回过头一看,原是信儿不知从哪个角落里钻了出来,拽着她身后的衣袍,嚷道:“兄嫂,我也要看。”
信儿个头小,挤在众人身下,视线都被挡了个完。
他什么也看不见,只得垫着脚干着急,探头探脑地往人缝中挤,生怕错过好戏似的。
“哎哟,我的小祖宗,你怎么上这儿来了?”
红绫揪着信儿的领口,把他拉到自己身边,问道:“你母亲呢?这儿可不是你该来的地方。”
信儿嘟囔道:“你们都在,我为何不该来?”
红绫道:“你兄长娶妻,那是宫里的大事,怎容得你一个小娃娃四处乱跑。还不快快回去找你母亲,当心被古怪的寺人捉住,再也别想跑,他们专吃像你这样细皮嫩肉的小孩儿。”
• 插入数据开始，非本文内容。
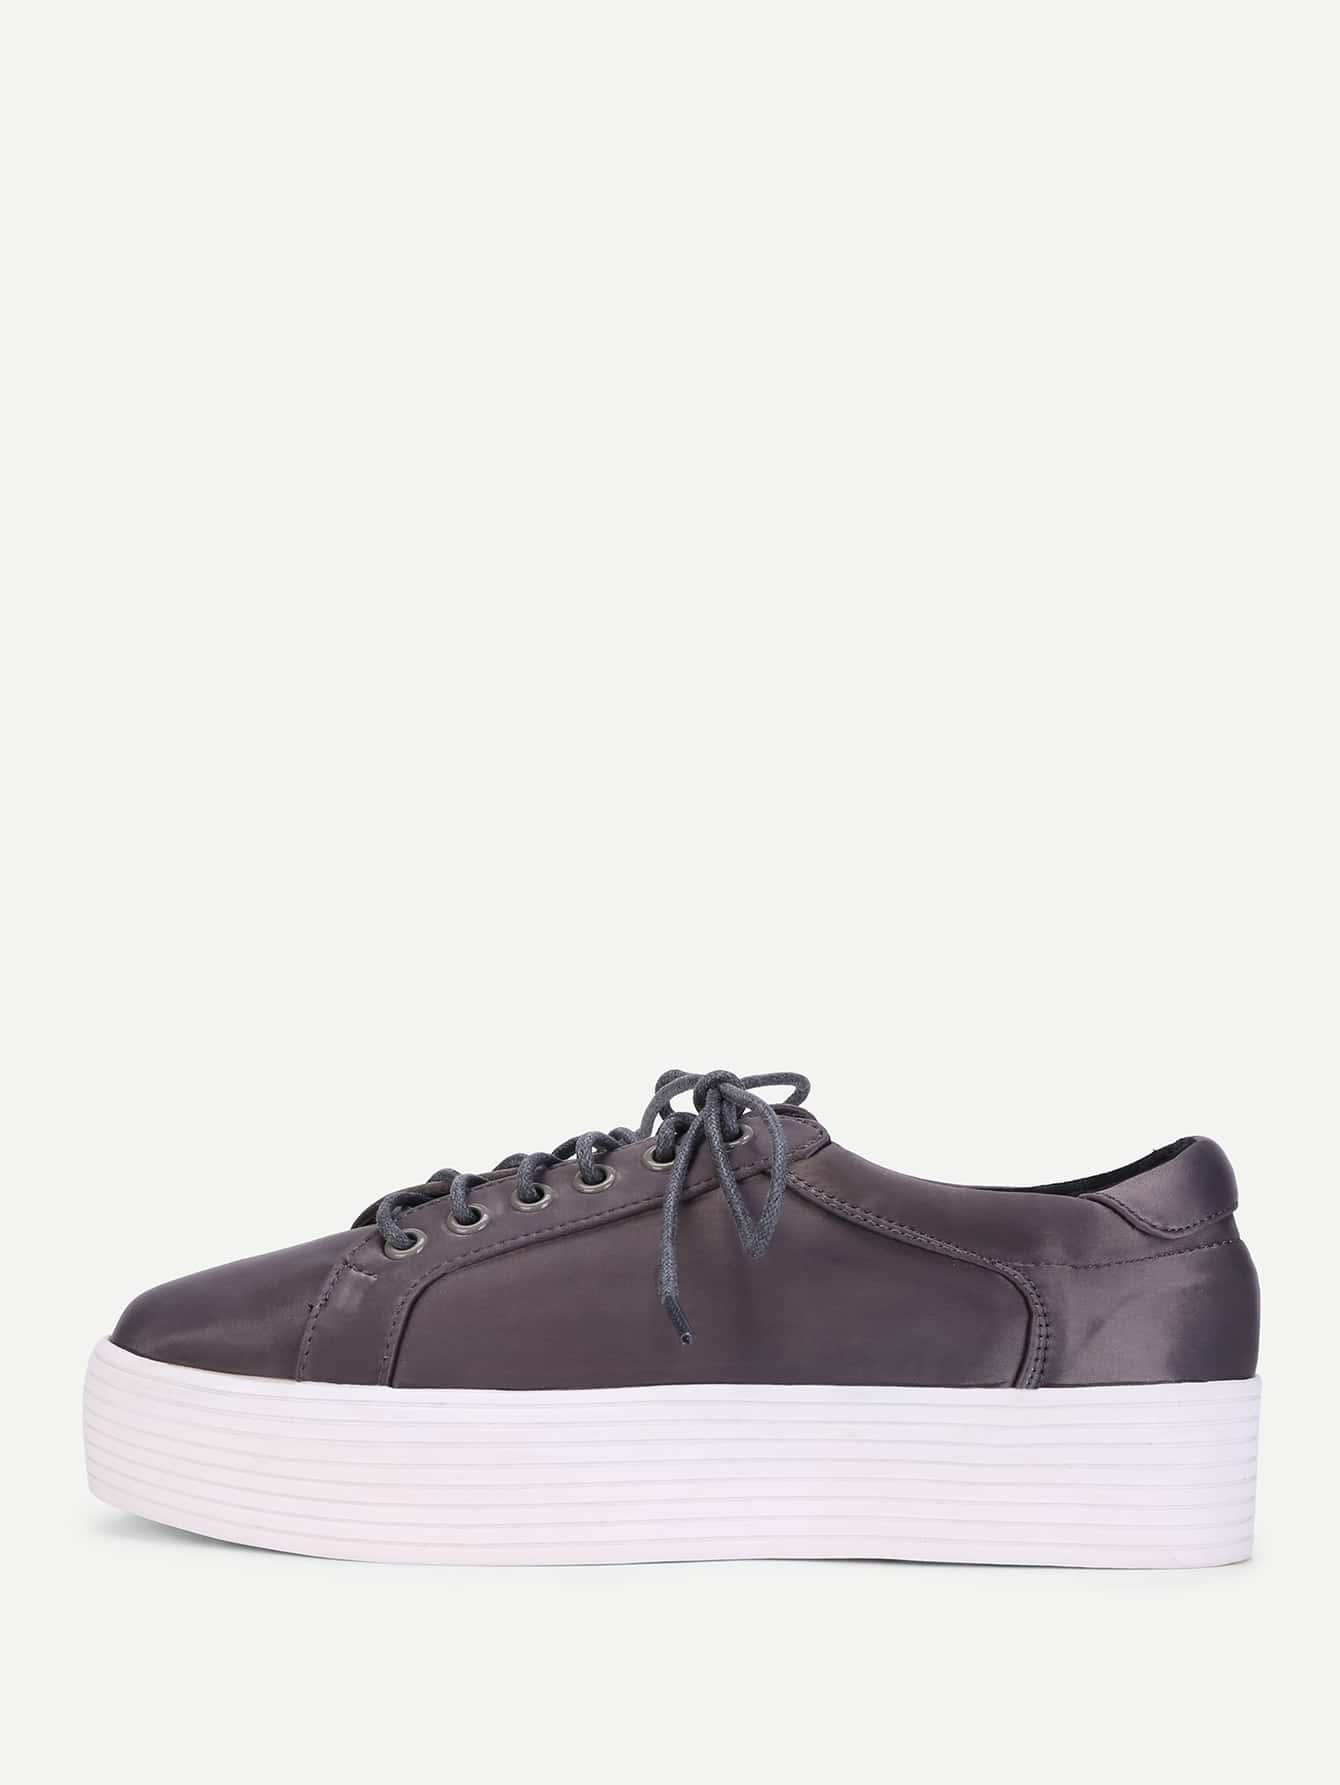 Lace Up Flatform Satin Shoes lace up flatform satin shoes

说完还不忘龇牙咧嘴地“嗷呜”了几声,活像一只吃人渗血的母夜叉。
“呜呜——”
信儿胆小禁不住吓,被红绫一忽悠,就哆嗦得走不动道,瑟缩地躲进素萋的衣摆下,可怜巴巴道:“兄嫂,救我。”
素萋无奈笑了笑,半蹲下身,道:“上来,我背你看。”
“好耶!”
信儿兴奋得一蹦三尺高,转头一跳,攀上素萋的背。
红绫耸肩,啧声道:“你就惯吧,将来上房揭瓦,别怪我没提醒过你。”
素萋笑道:“小孩子罢了,你何苦同他一般计较。”
红绫正欲张嘴辩驳,却被人拦声打断了去。
只见阿莲慌里慌张地从人群后头钻挤进来,气喘吁吁道:“对不住,夫人。”
“阿莲一时疏忽,没曾想,只是一眨眼的工夫,就让他从殿里跑了出去。”
“阿莲这就把他带回去。”
说罢,她伸手扒住信儿的小身子,想将他从素萋背上抱下来。
可信儿显然不大顺从,拧着脖子叫道:“我不走,我不走……”
“信儿乖,小声点,典仪之上,怎能大声喧哗。要让你兄长知道了,也会不高兴的。”
阿莲正苦口婆心地劝着,岂料完全没有作用不说,反倒让信儿愈发激亢起来。
想是信儿从小生活在乡野市井,从未见过如此声势浩大的情形,难得住进了齐宫,又每日不是被锁在殿中念书背字,就是被困在林苑里骑马练剑。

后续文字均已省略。